Mil gracias Vanda!!!


----------



## Tomby

> os psicólogos vêem-se constantemente ás voltas com o estudo de situações em que...





> o psicólogo vê-se constantemente ás voltas com o estudo de situações em que...


"às voltas" = _(a) su vez / frente a_
Tradução:
"_los sicólogos se ven constantemente *a su vez* con el estudio de situaciones en que..._"
"_los sicólogos se ven constantemente *frente al* estudio de situaciones en que..._"
¡Saludos!
TT.


----------



## amistad2008

¿Y ante el estudio de situaciones.....?


----------



## Tomby

amistad2008 said:


> ¿Y ante el estudio de situaciones.....?


 Também, também.


----------



## amistad2008

Tombatossals said:


> Também, também.


 
Maravilha!  Obrigada por confirmar, eu tinha lá minhas dúvidas.


----------



## mexiko

Muchísimas gracias Tombatossal

Saludos 

mexiko


----------



## Mangato

Disculpen amigos Tomba é Amistad. Eu com reiteração falo besteira, pois a minha metade galega faz que escorregue na maionese.
Em galego *estar as voltas* quer dizer estar inmerso num problema ou situaçao, confuso, dando tratos à bola, sem adoptar uma decisão ou saida adequada. 

Eu traduziria.
Los psicólogos se encuentran constantemente confusos ante el estudio de situaciones ...

Estou errado?

Cumprimentos

MG


----------



## ceballos

E "dándole vueltas al estudio de situaciones"?


----------



## amistad2008

ceballos said:


> E "dándole vueltas al estudio de situaciones"?


 
Creo que dándole vueltas es como si no encontrara solución. Sin embargo, às voltas es algo con el que se enfrenta siempre.
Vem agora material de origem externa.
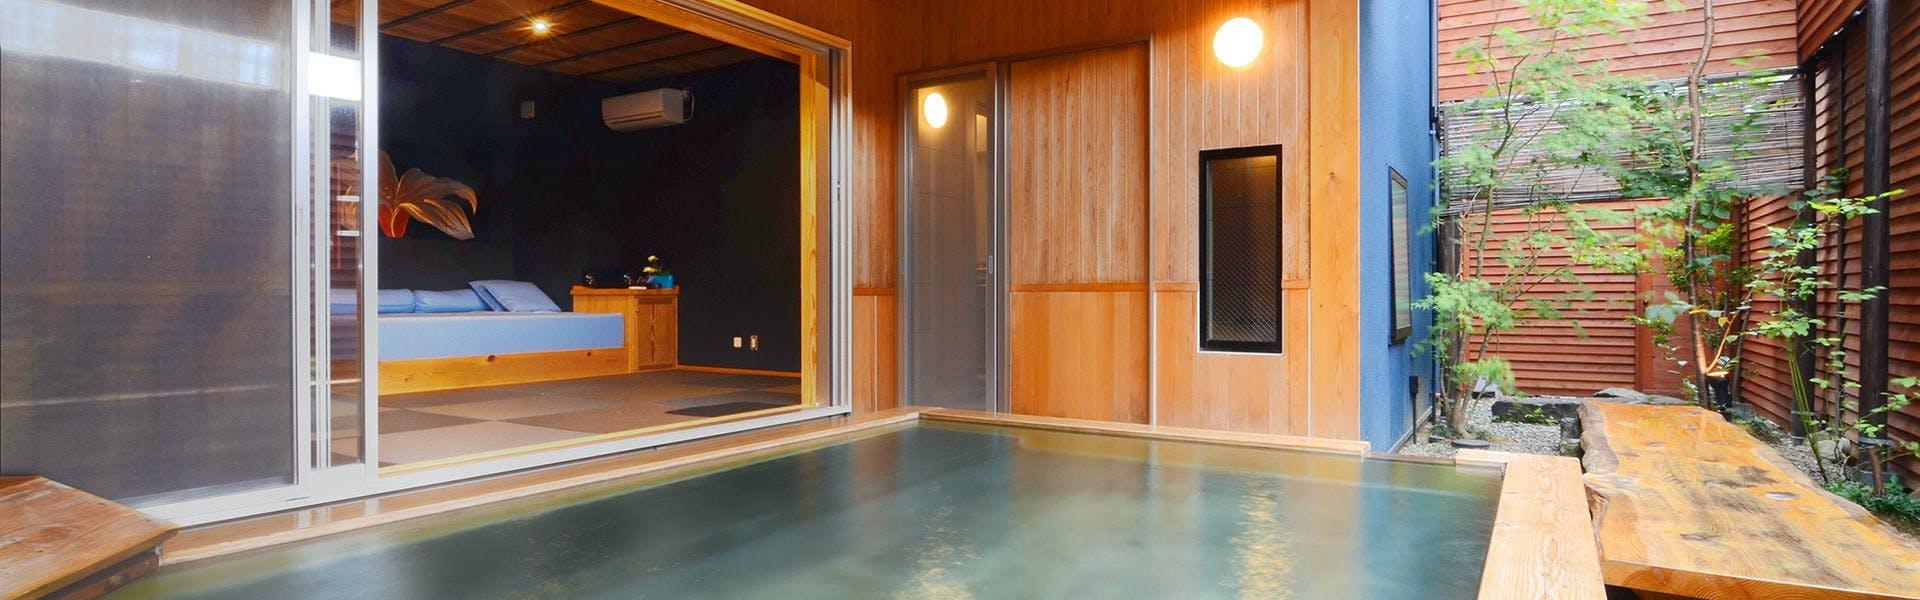 記念日におすすめのホテル・別府温泉 匠晴の宿 心庵の写真2

¿Más opiniones, por favor?


----------



## Giorgio Lontano

Segundo a definição fornecida pela Vanda, concordo com o já dito por TT e Amizade, e acrescento mais uma sugestão:

_"El psicólogo *se topa* constantemente *con* el estudio de situaciones..."._

Abraços.


----------



## Carfer

Mangato said:


> Em galego *estar as voltas* quer dizer estar inmerso num problema ou situaçao, confuso, dando tratos à bola, sem adoptar uma decisão ou saida adequada.


 
Em Portugal, neste mesmo contexto, dizemos *'andar á voltas com*...'


----------



## Giorgio Lontano

Vejam do que estão falando no fórum Sólo Español. Acho que não é a mesma coisa, mas achei engraçado ler-lo.

Tchau!


----------



## gvergara

Fiquei confuso com a discusão. Deparei com a oração seguinte

__ Você se tornou religioso?
_ Digamos que *ando às voltas com esse assunto*._

e ambas as interpretações são possíveis. Será que andar às voltas com quer dizer _to (have to) deal with_, especialmente quando se trata de uma ação que requer esforço ou que nos põe dificuldades no caminho?


----------



## WhoSoyEu

Estoy dándole vueltas a este tema/ando pensando sobre eso.


----------